Rasa panas menjalari kerongkonganku, berbeda dengan rebung yang Bi Dayu buat. Bumbu rempahnya begitu terasa, tidak heran banyak yang menyukai makanan di tempat ini. Badra menyodorkan daging kodok padaku. Aku menerimanya, kucicipi sedikit daging itu.

Pantaslah Asih suka, rasanya seperti daging ayam, benar-benar enak.

"Bukankah makanan seperti ini mahal? Bagaimana kau membayarnya?"

Badra menghentikan makannya. Dia menatapku.

"Tenang, aku baru mendapat upah," ujarnya memamerkan sekantong uang kepeng. "Makan saja, aku yang bayar."

Badra makan dengam lahap, sepertinya dia benar-benar kelaparan.  Seorang pelayan datang membawa caratan yang sama seperti meja lain.

"Apa ini?" tanyaku setelah pelayan itu meletakkan caratan di atas meja.

"Ini arak, Nona," ujarnya.

"Tolong ganti dengan air biasa." Kuletakkan kembali caratan itu di atas nampannya. Pelayan itu pun pergi.

"Sang Wei, itu arak terbaik. Kenapa kau kembalikan?" tanya Badra. 

"Aku tidak ingin mencium bau arak!" balasku.

"Baiklah, hari ini tidak ada arak untukku," ucapnya lesu.

Pelayan itu kembali membawa caratan. Kuambil caratan itu dan menuangkannya ke cawan. Kuberikan untuk Badra. Diteguk habis air itu. Suara kuda terdengar dari kejauhan. Sepertinya ada pedagang yang datang untuk mencari tempat penginapan. Gedebeg yang di tarik kuda itu berhenti di depan warung. Seorang pria dan wanita muda turun dari gedebeg, berjalan ke arah warung. Kuyakin mereka keturunan Cina, sama seperti ayah.

"Bagaimana Subandar apa raja mengizinkannya?" ujar seorang pria berjenggot panjang.

"Belum, sepertinya akan sulit berdagang di Sukawana," sahut pria yang bernama Subandar itu ketika duduk di kursi kayu. Wanita cantik di belakangnya pun mengikuti.

"Badra, mereka siapa?" Badra menengok ke arah pandangku.

"Aku dengar pria itu adalah seorang Saudagar yang kaya raya. Mereka berasal dari Cina," jelas Badra.

Aku mengangguk. Aku tidak mengindahkan lagi percakapan mereka. Kulanjutkan menyantap makananku, sesekali pandanganku menjalar ke setiap sudut warung. Kupandangi lautan orang yang memenuhi warung ini, semakin malam warung ini semakin ramai.

Aku tersentak, saat mendengar garengpung berbunyi. Serangga yang bersuara nyaring itu menandakan hari sudah sore. Aku bergegas kembali ke istana, perjalanan dari warung cukup jauh jika berjalan kaki.

"Kau mau kemana, Sang Wei?"

"Aku harus kembali ke istana, perjalanan sangat jauh, aku tidak ingin pulang larut."

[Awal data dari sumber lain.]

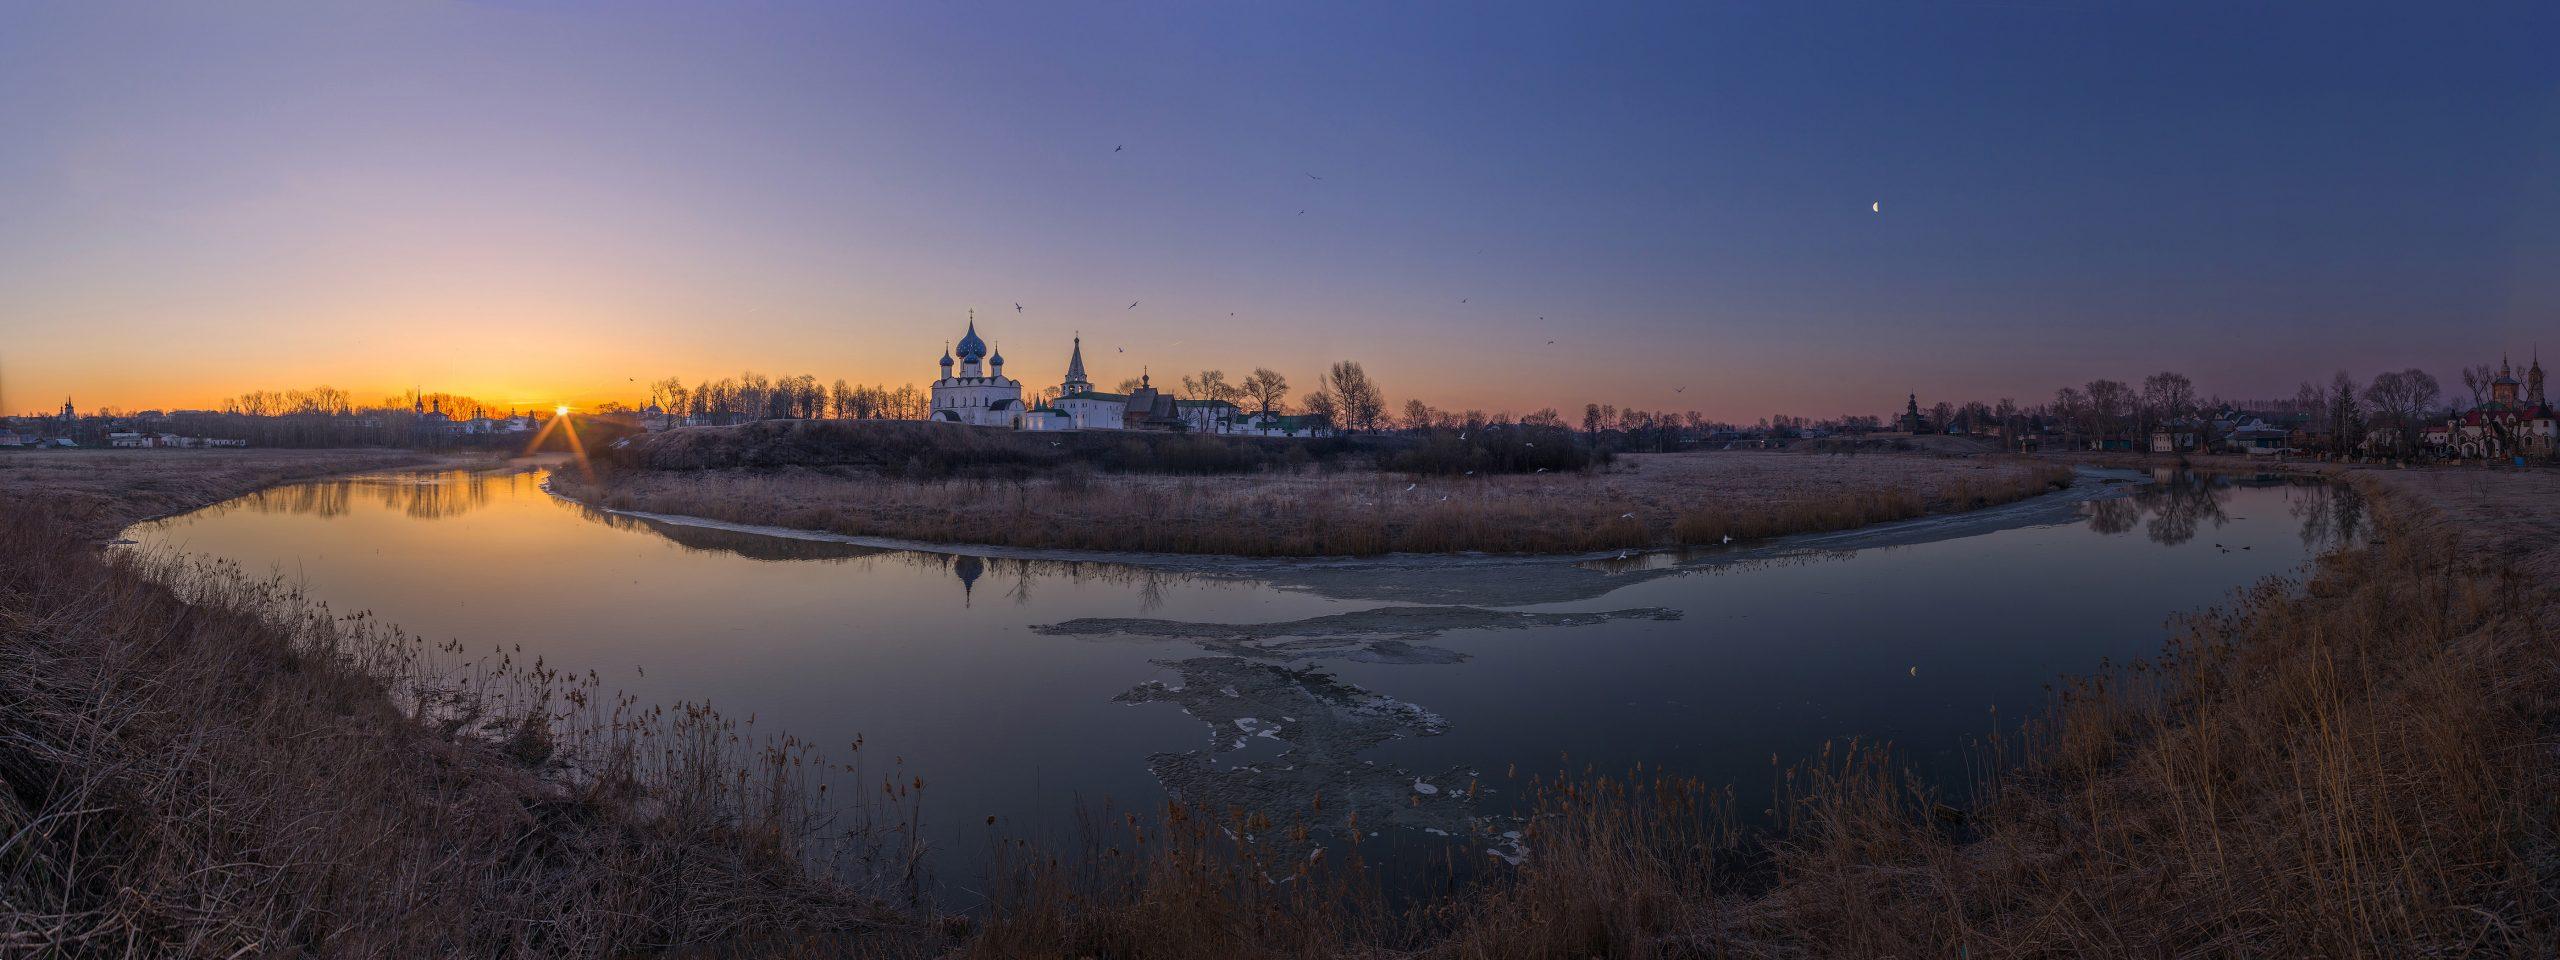 «Таинственный Суздаль» Автор фото: Николай Овчинников

"Tunggu sebentar, aku akan menyewa kuda," ujar Badra.

Badra berjalan ke arah pria bernama Subandar itu, suara bising di warung membuat telingaku tidak begitu jelas mendengar percakapan mereka. Kulihat Badra memberikan sekantong uang yang ia punya. Kemudian dia menghampiriku.

"Ayo kita pergi, sebelum hari semakin petang." Ditariknya tanganku naik ke atas gedebeg. Badra melajukan gedebeg dengan cepat. Bodohnya aku sampai lupa waktu. 

Gedebeg itu bergerak dengan cepat, aku hanya bisa berpegangan erat. Semoga pangeran tidak mencariku.